Felinfoel has a butcher's, a bakery, a fish and chip shop, locally produced real ale from the historic Felinfoel Brewery and shop, a Co-op supermarket and a computer shop within the village.

It is a small village with a parish church and Nonconformist chapel. The Diplomat Hotel and Edens Health Spa and Gym health spa also fall within the village's borders.

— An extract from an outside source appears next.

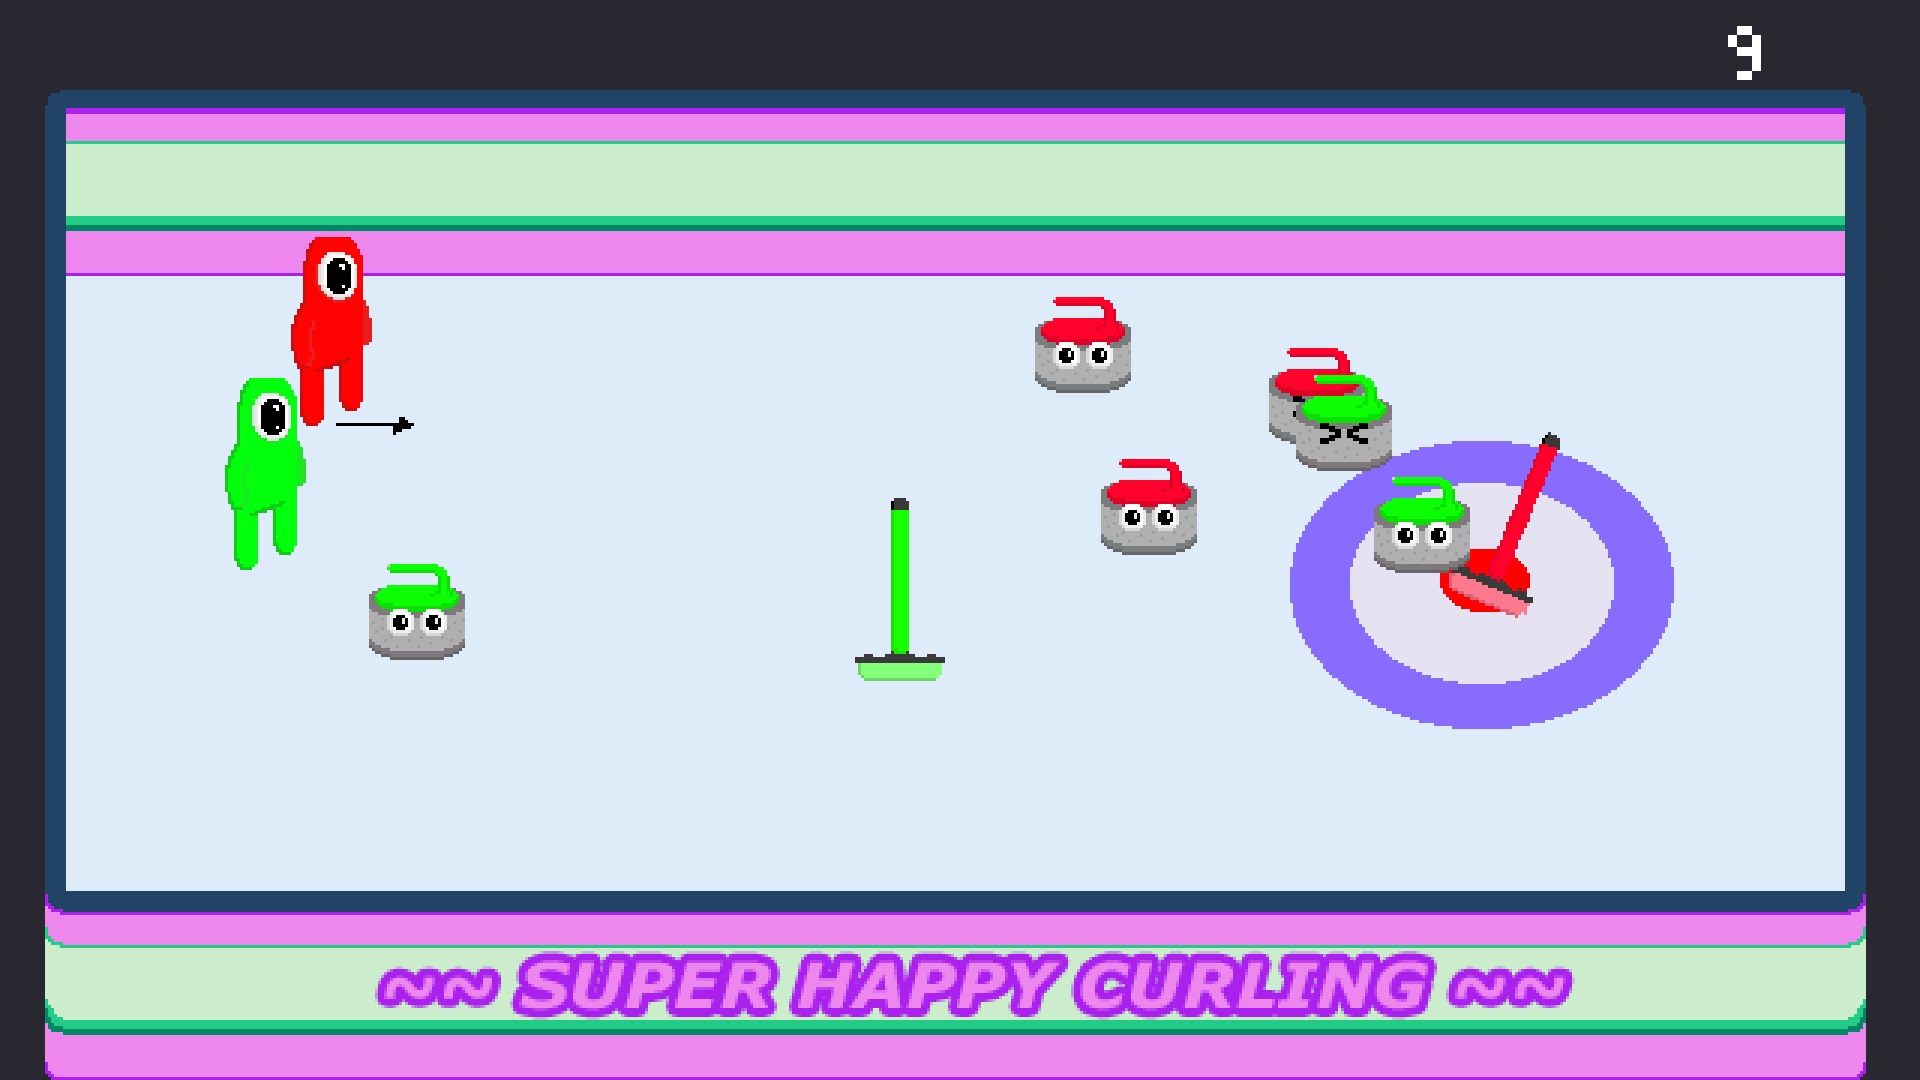 Super Happy Curling by Zhamul, juleswhatevs

To the north of the village and on the River Lliedi is a double reservoir which gives the Swiss Valley area its name.

Felinfoel's main Baptist chapel, Adulam, plays a significant role in the history of that Nonconformist sect, as it is on the site of Ty Newydd, said by some to be the oldest Baptist settlement in Wales. Previously, the outlawed creed held its meetings in secret in Ogof Goetre Wen on the Morlais River some four miles away. on the River Lleidi was in use for total immersions until the 1970s. The congregation would sit on the railway sleeper benches, and on the bridge over the river, and sing as the person was raised from the water.

== Demographics ==

=== Languages ===
According to the United Kingdom Census 2021, 25.5 per cent of all usual residents aged 3+ in Felinfoel can speak Welsh. 40.6 per cent of the population noted that they could speak, read, write or understand Welsh. The 2011 census noted 28.1 per cent of all usual residents aged 3 years and older in the village could speak Welsh.

== Notable people ==
- David Bowen (1774–1853), a Welsh Baptist minister.
- Company Sergeant Major Ivor Rees VC (1893–1967), a Welsh recipient of the Victoria Cross
- Ray Williams (1927–2014), international rugby union wing who played club rugby for Felinfoel, Llanelli and Wales.
- Phil Bennett OBE (1948–2022), a Welsh rugby union player for Felinfoel Youth, Llanelli RFC and the Wales national team. Member of the invincible 1974 British Lions tour to South Africa and captain of the 1977 British Lions touring team to New Zealand; a Test Barbarian.

==Governance==
An electoral ward of the same name exists, sending councillors to Llanelli Rural Council and Carmarthenshire County Council. The population of this ward falls entirely within the Llanelli Rural community. The total population of the ward taken at the 2011 census was 2,054.

==Transport==
Felinfoel has good links with the M4 motorway which leads to Swansea and Cardiff to the east and Carmarthen and Pembrokeshire in the west. The village is also linked by regular local bus services to Llanelli railway station.